Home > Uncategorized > R recommended usage for professional developers

R recommended usage for professional developers

R is not one of those languages where there is only one way of doing something, the language is blessed/cursed with lots of ways of doing the same thing.

Teaching R to professional developers is easy in the sense that their fluency with other languages will enable them to soak up this small language like a sponge, on the day they learn it. The problems will start a few days after they have been programming in another language and go back to using R; what they learned about R will have become entangled in their general language knowledge and they will be reduced to trial and error, to figure out how things work in R (a common problem I often have with languages I have not used in a while, is remembering whether the if-statement has a then keyword or not).

My Empirical software engineering book uses R and is aimed at professional developers; I have been trying to create a subset of R specifically for professional developers. The aims of this subset are:

  • behave like other languages the developer is likely to know,
  • not require knowing which way round the convention is in R, e.g., are 2-D arrays indexed in row-column or column-row order,
  • reduces the likelihood that developers will play with the language (there is a subset of developers who enjoy exploring the nooks and crannies of a language, creating completely unmaintainable code in the process).

I am running a workshop based on the book in a few weeks and plan to teach them R in 20 minutes (the library will take a somewhat longer).

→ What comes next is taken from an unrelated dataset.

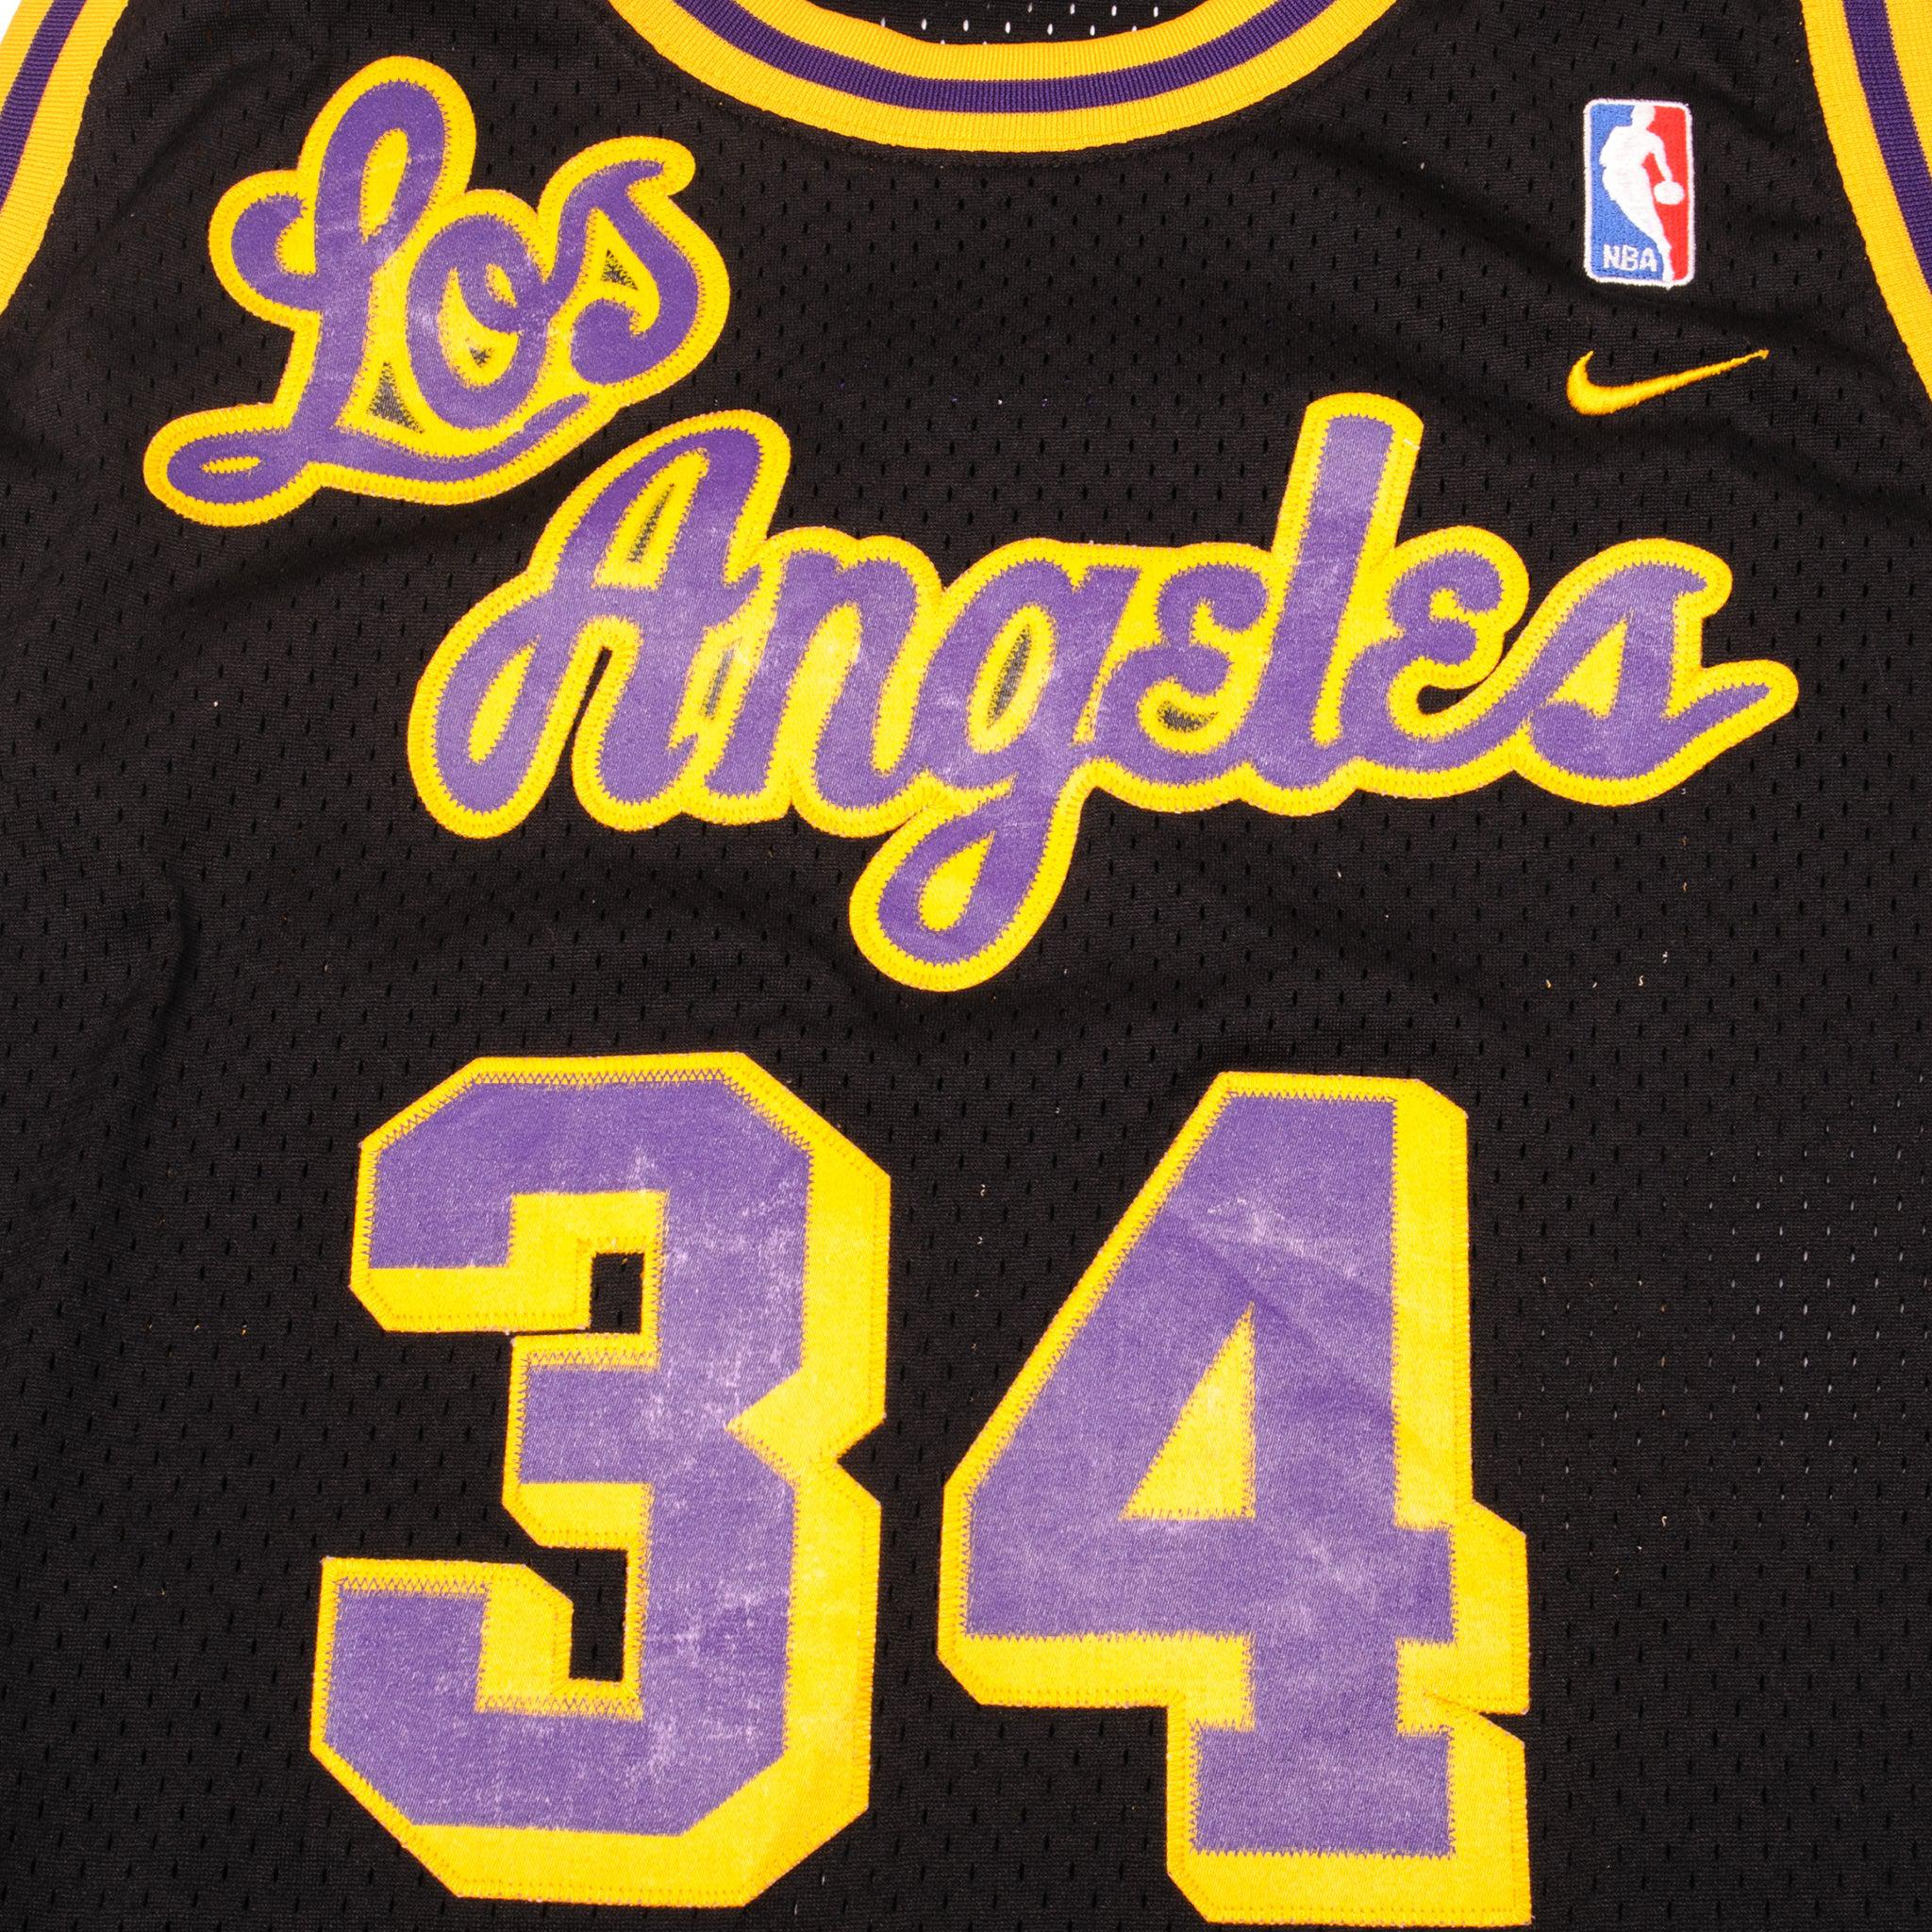 SHAQ Los Angeles Lakers 2003 Hardwood O'neal 34 Nike -  Norway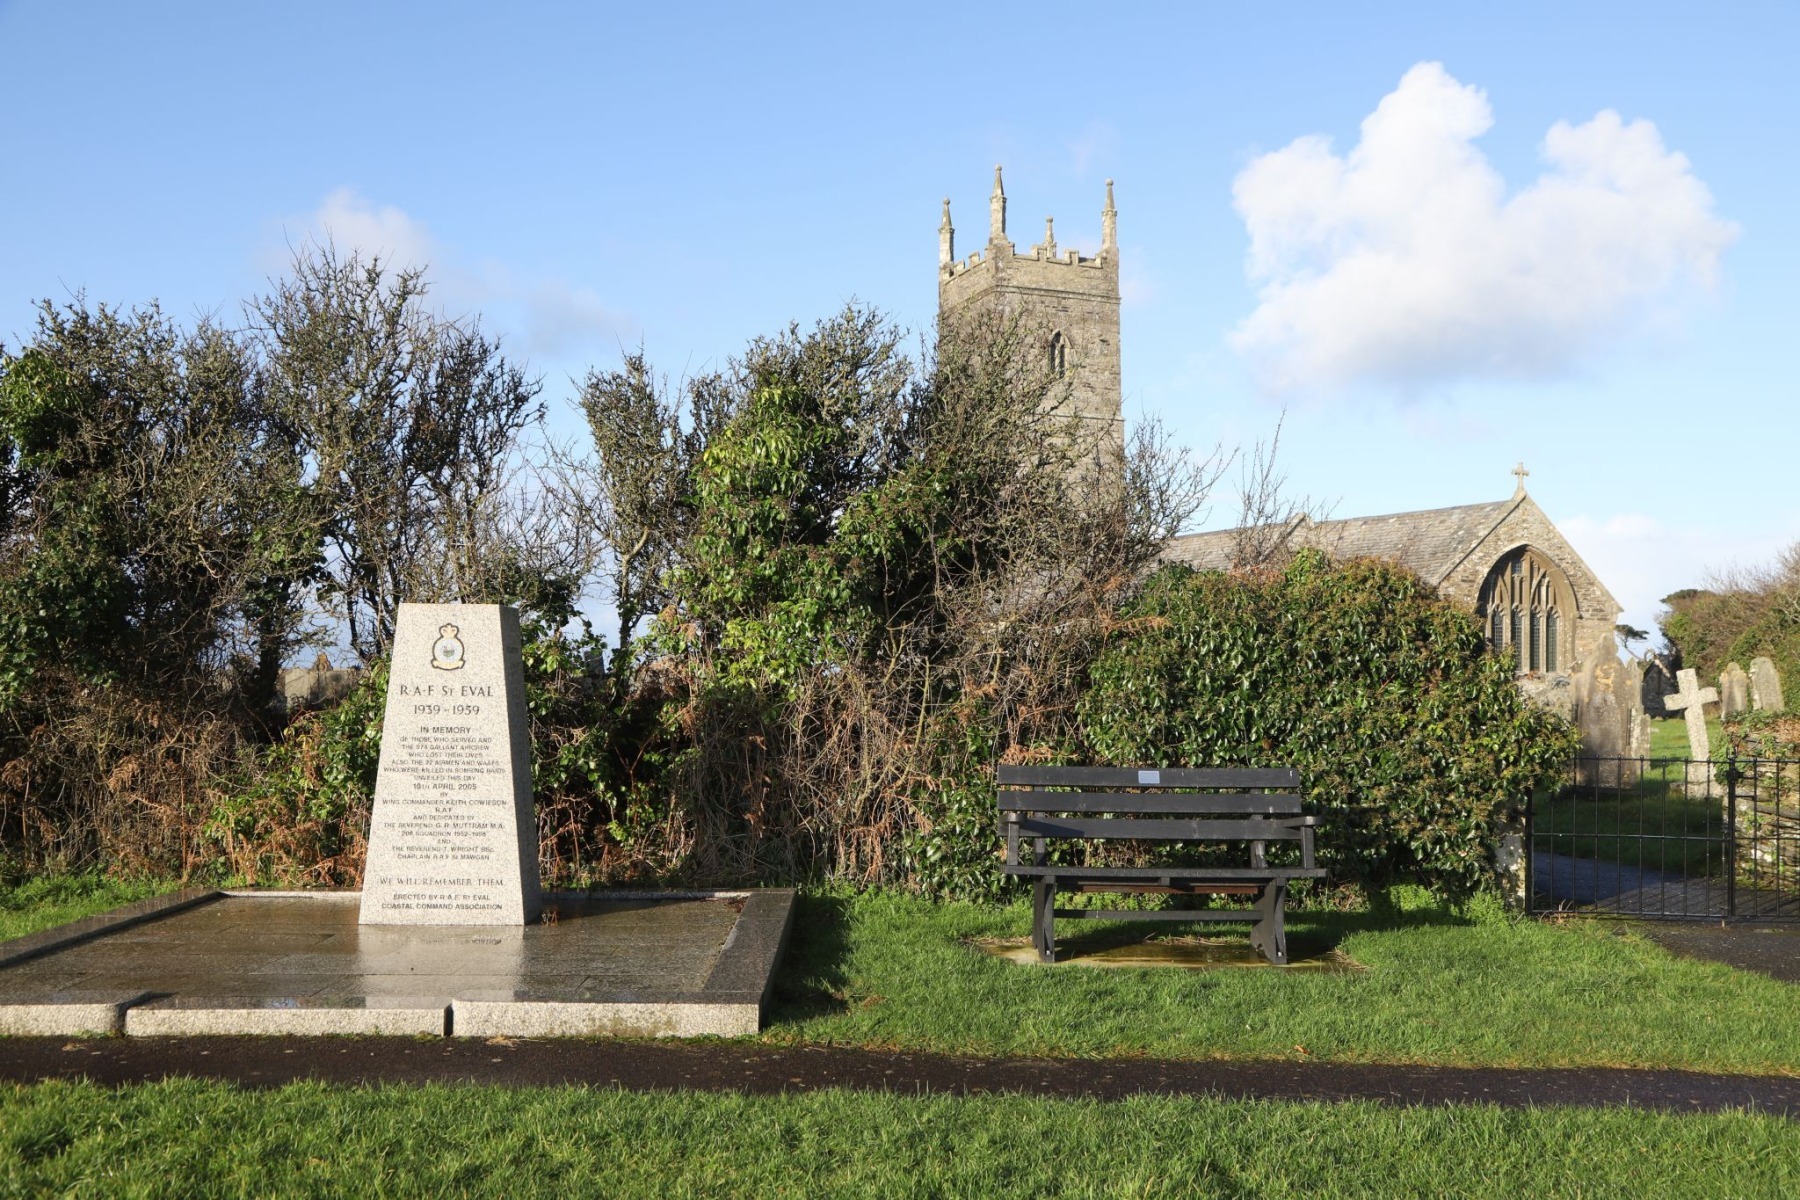 RAF St. Eval memorial, St. Eval Parish Church near Newquay in Cornwall

Here are some of the constructs in my subset:

  • Use subset to extract rows meeting some condition. Indexing requires remembering to do it in row-column order and weird things happen when commas accidentally get omitted.
  • Always call read.csv with the argument as.is=TRUE. Computers now have lots of memory and this factor nonsense needs to be banished to history.
  • Try not to use for loops. This will probably contain array/data.frame indexing, which provide ample opportunities for making mistakes, use the *apply or *ply functions (which have the added advantage of causing code to die quickly and horribly when a mistake is made, making it easier to track down problems).
  • Use head to remove the last N elements from an object, e.g., head(x, -1) returns x with the last element removed. Indexing with the length minus one is a disaster waiting to happen.

It’s a shame that R does not have any mechanism for declaring variables. Experience with other languages has shown that requiring variables to be declared before use catches lots of coding errors (this could be an optional feature so that those who want their ‘freedom’ can have it).

We now know that support for case-sensitive identifiers is a language design flaw, but many in my audience will not have used a language that behaves like this and I have no idea how to help them out.

There are languages in common use whose array bounds start at one. I will introduce R as a member of this club. Not much I can do to help out here, except the general suggestion not to do array indexing.

Suggestions based on reader’s experiences welcome.

Categories: Uncategorized Tags: , ,
  1. December 30, 2015 14:40 | #1

    On subset, there is a reason it isn’t recommended except in interactive context. Using it in nested calls can lead people to making unnecessary mistakes:
    http://adv-r.had.co.nz/Computing-on-the-language.html#subset

    On read.csv, we tend to use options(stringsAsFactors = TRUE) as part of everyones profile to avoid this issue.

    Agree on *apply, but note that using using for loops with pre allocation should provide the same speed on general cases. Sometimes *apply can use up more RAM then a for loop especially when working with larger datasets.

    We generally start non-R users on ‘The Art of R Programming’ in my team as for us it’s shown to be the best way for experienced devs to get familiar with the language (Matlab, C/C++, C# and Javascript devs mostly)

    On the variable scoping issue it can most of the time be prevented by building functions into a package and using the available tools (devtools:: etc) to make the required checks.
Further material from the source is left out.